HOMELESSNESS is spreading to the middle class, homelessness charity Crisis is warning, as mass sackings of public sector workers along with the government’s onslaught on welfare benefits lead to a ‘flood’ of people on the streets.

In a report to be published next week, Crisis states: ‘Any significant reduction of the welfare safety net in the UK as a result of coalition reforms may, of course, bring the scenario of middle-class homelessness that much closer.’

Crisis says that currently 44,160 people are accepted by councils as homeless and placed in social housing, which is an increase of 10 per cent on last year.

But cuts in welfare benefits, along with a leap in the unemployment figures, will mean that a ‘flood’ of people are set to be made homeless and forced to sleep rough on the streets.

The charity says that in London rough sleeping rose by eight per cent last year to an estimated 3,600.

Leslie Morphy, Crisis chief executive, said: ‘We are extremely worried.
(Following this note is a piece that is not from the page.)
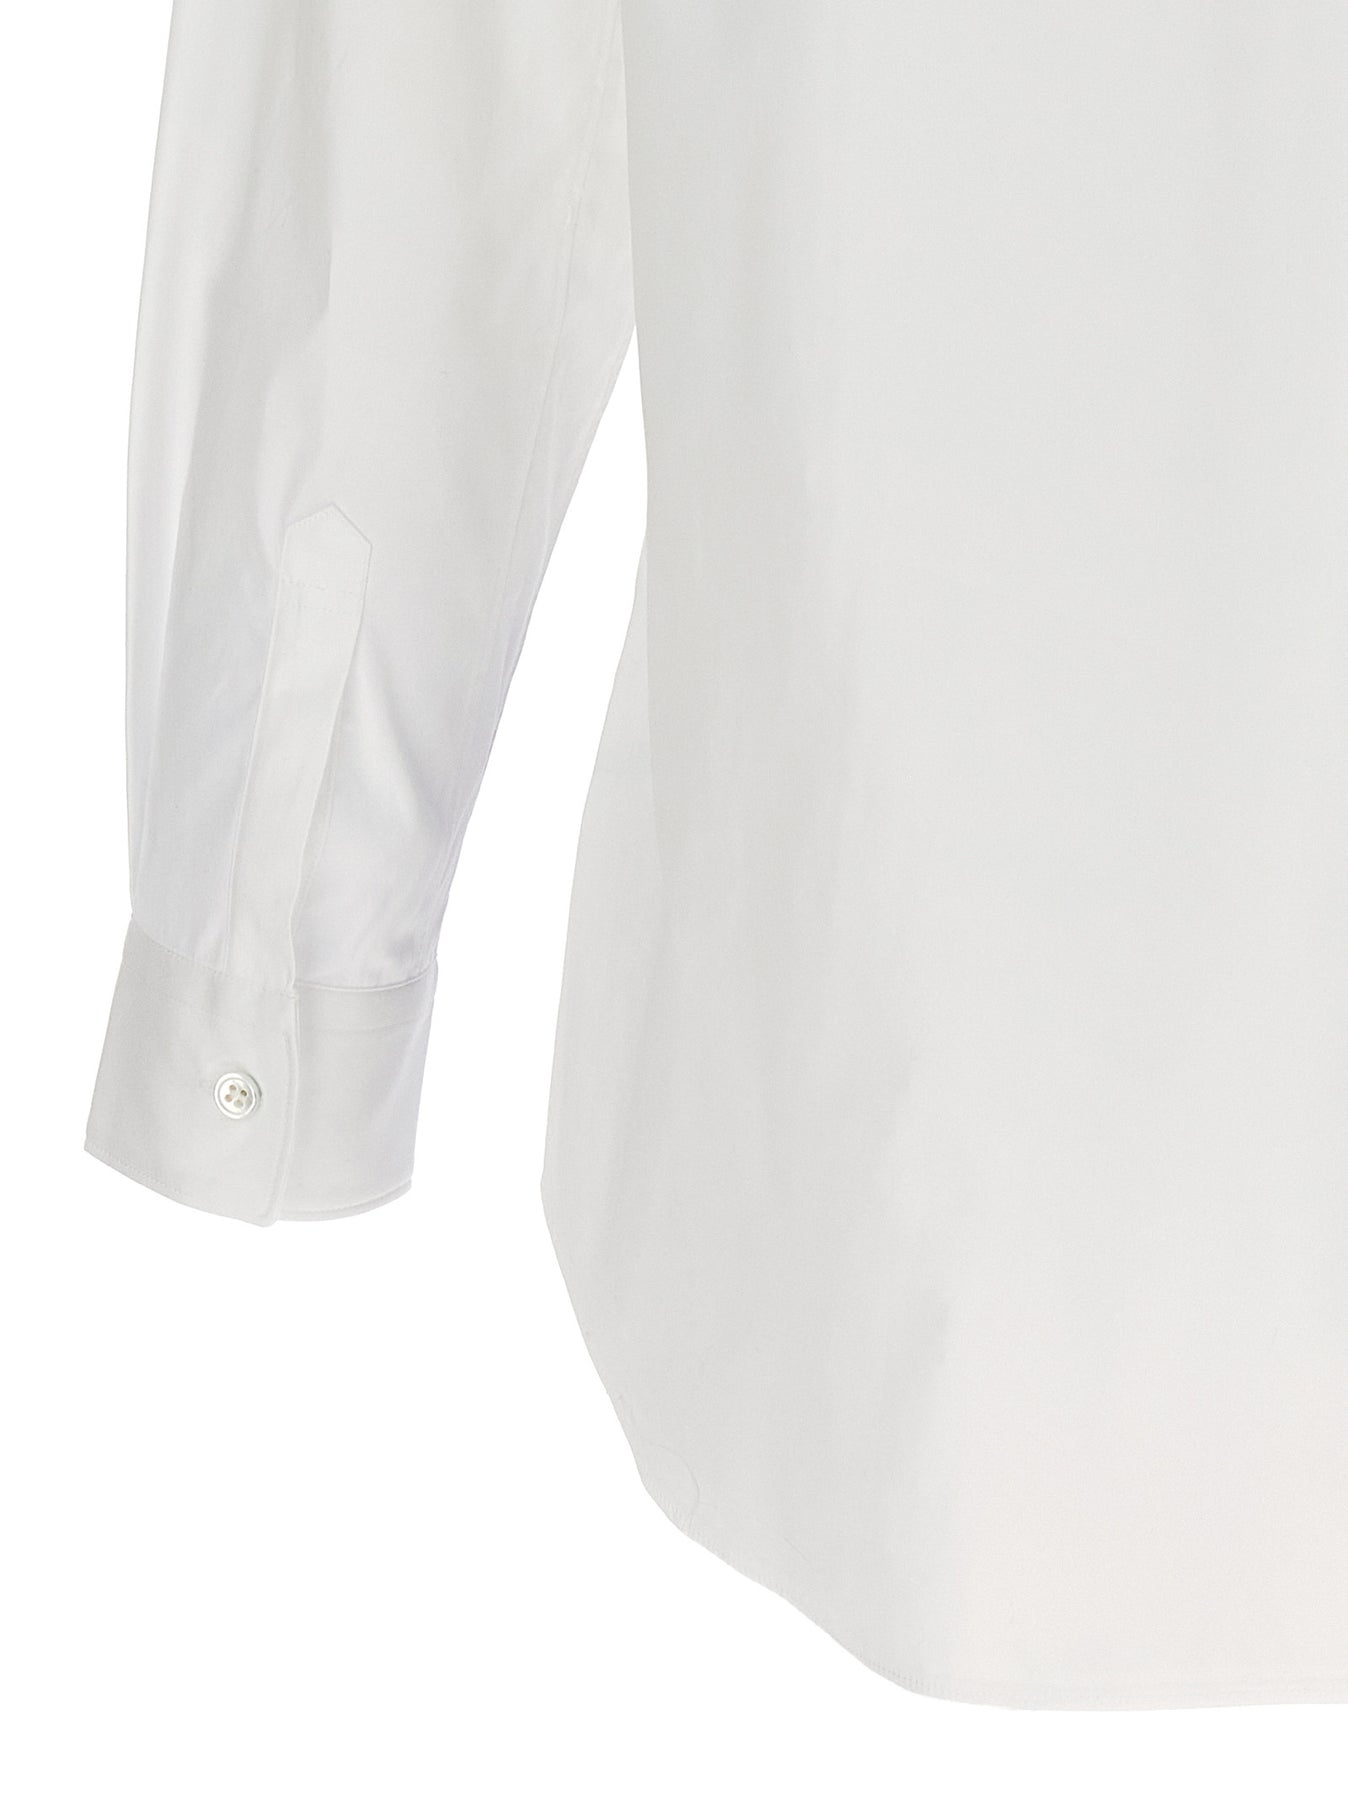 Patterned Square Shirt Shirt, Blouse White - 4

Homelessness in both its visible and hidden forms is already rising and as the economic downturn causes further increases in unemployment and pressure on households’ finances, homelessness is likely to continue to rise.

‘This research is clear that it is the welfare and housing systems in the UK that traditionally have broken the link between unemployment and poverty and homelessness, yet these are now being radically dismantled by the coalition government.
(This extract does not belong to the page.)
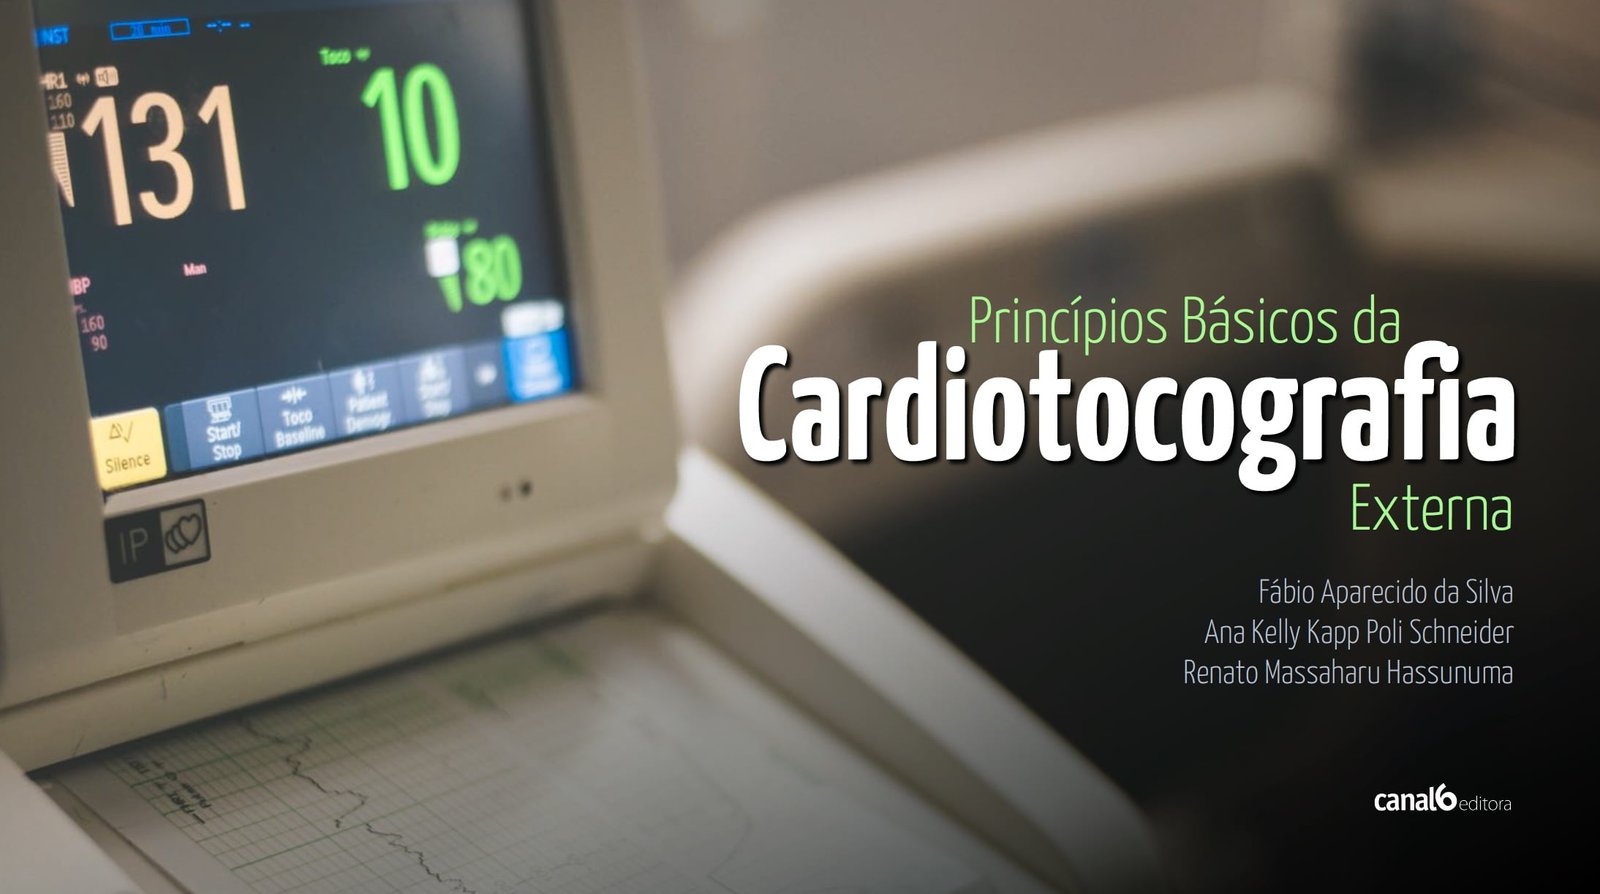 Principios basicos da cardiotocografia externa

‘The government must listen and change course before this flow of homeless people becomes a flood.’

Crisis says that in the past British welfare policy has linked housing benefit to actual rents, but the government’s new changes break this link and mean that reduced benefits will not be sufficient to pay rents.

In a separate report, Channel 4 News also reports that official figures underestimate the true picture of homelessness.

Two-thirds of homelessness organisations nationwide reported that there has been a rise in rough sleeping in their area.

Homeless Link, reveal that of 200 homeless organisations they surveyed, 66 per cent reported a rise in the number of rough sleepers in their area.

And Homeless Link chief executive, Jenny Edwards, said that the situation is getting much worse, as ‘vulnerable people with mental health issues or disabilities, who have relied on support in their accommodation, are finding that’s been cut back.’